Artwork is incorporated into Vdara's interior and exterior design. Nancy Rubin's 57 by 75 ft sculpture Big Edge, made of various boats, is displayed outside the entrance of the hotel. It features approximately 200 canoes, catamarans, kayaks, paddle boats, rowboats, and surfboards held together with stainless steel wire cable. The sculpture is meant to resemble a blooming flower. A large painting by Frank Stella hangs above the registration desk in the lobby.

Vdara includes an 18000 sqft two-story spa and salon, and a 40000 sqft pool area. Abbey Beach, a dayclub pool event targeted at a gay clientele, operated during 2010. An interior walkway connects Vdara with the adjacent Bellagio and Cosmopolitan resorts.

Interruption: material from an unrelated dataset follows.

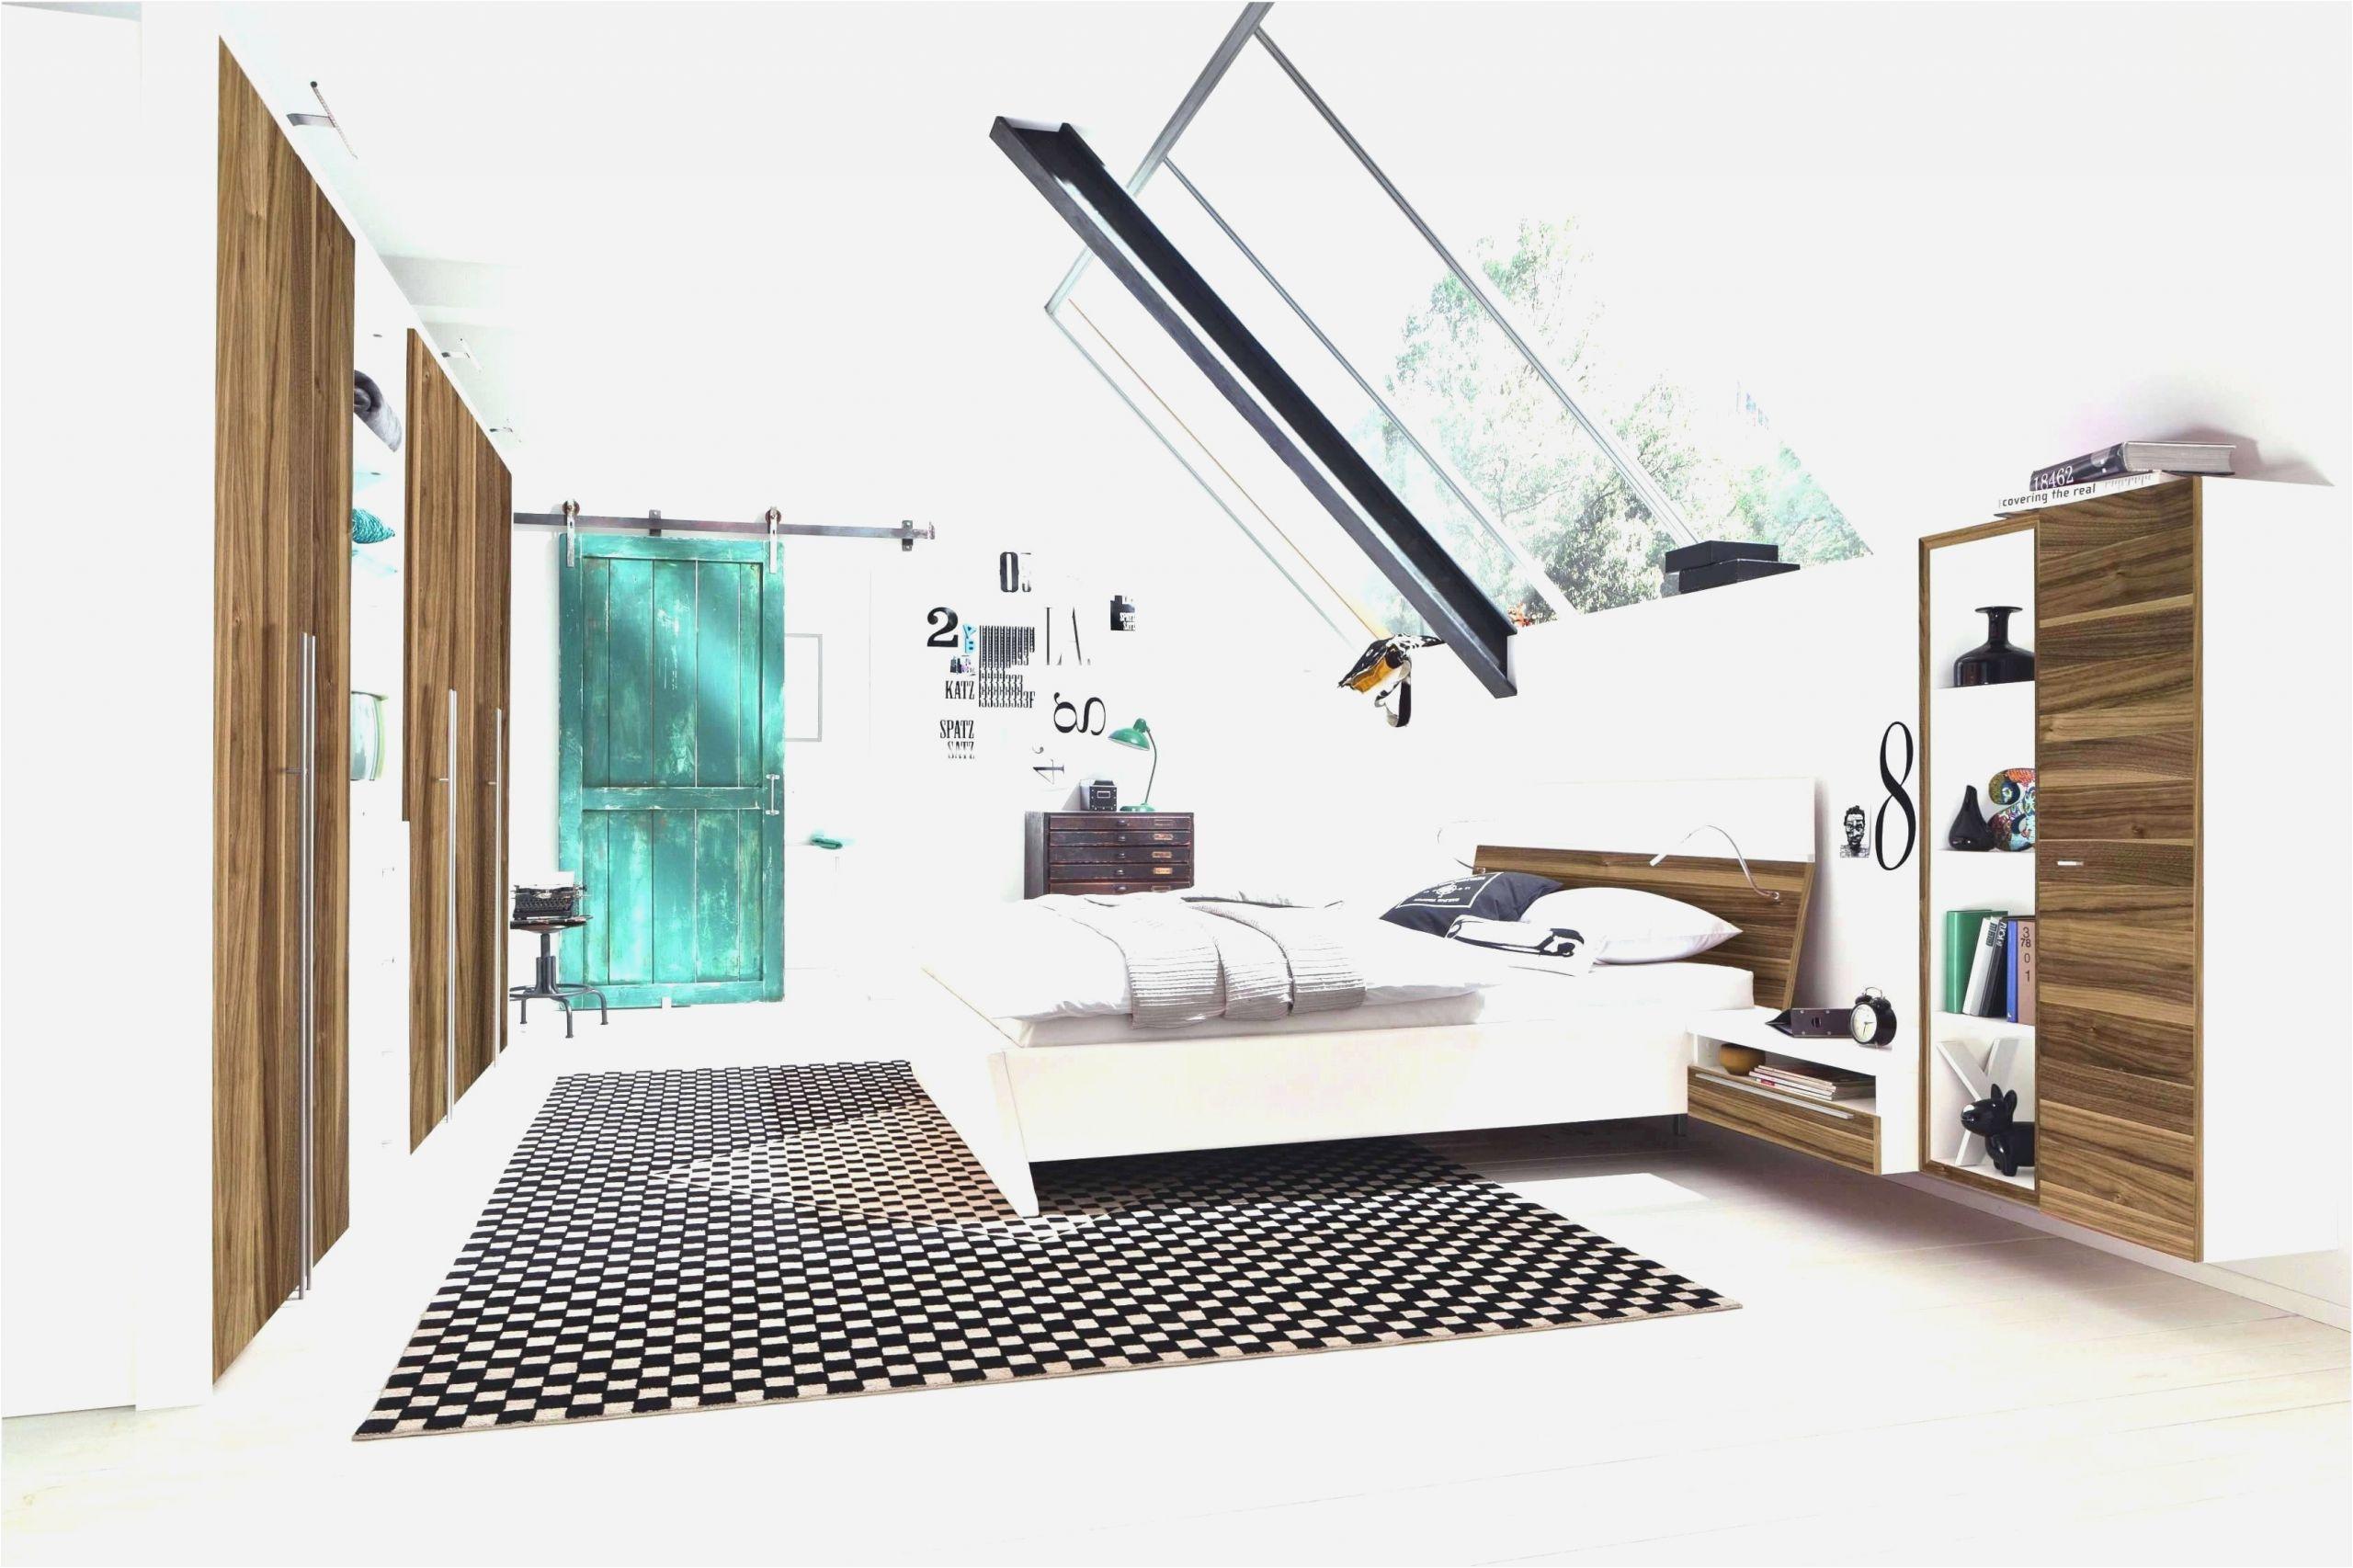 zimmerpflanzen ideen schlafzimmer of zimmerpflanzen ideen schlafzimmer scaled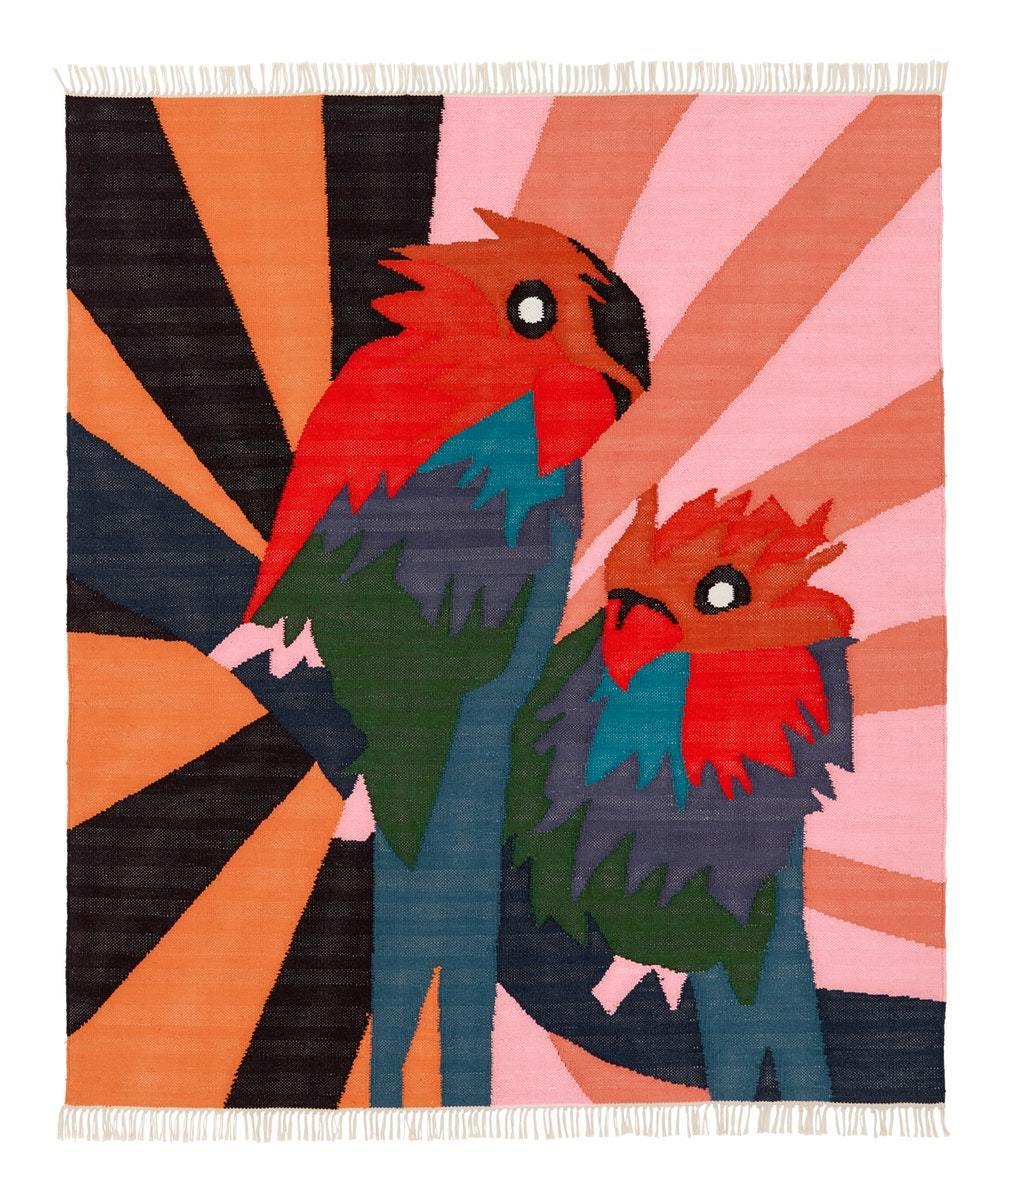 倫敦設計師Craig Green用巨大的色塊拼接成鸚鵡形狀,構成了他對於天堂的幻...

Vdara opened with 10000 sqft of meeting space, and one full-service restaurant, Silk Road, which served Mediterranean food. It was designed by Karim Rashid. Market Cafe Vdara, a small grocery store also serving sandwiches and pastries, opened in March 2011. Silk Road closed simultaneously, due to lack of demand. In 2013, part of the former restaurant was converted into meeting and event space, with a Starbucks taking up the remainder. Two years later, Vdara opened a bar, Vice Versa, in its lobby. It serves food, and includes indoor and outdoor seating which overlooks CityCenter.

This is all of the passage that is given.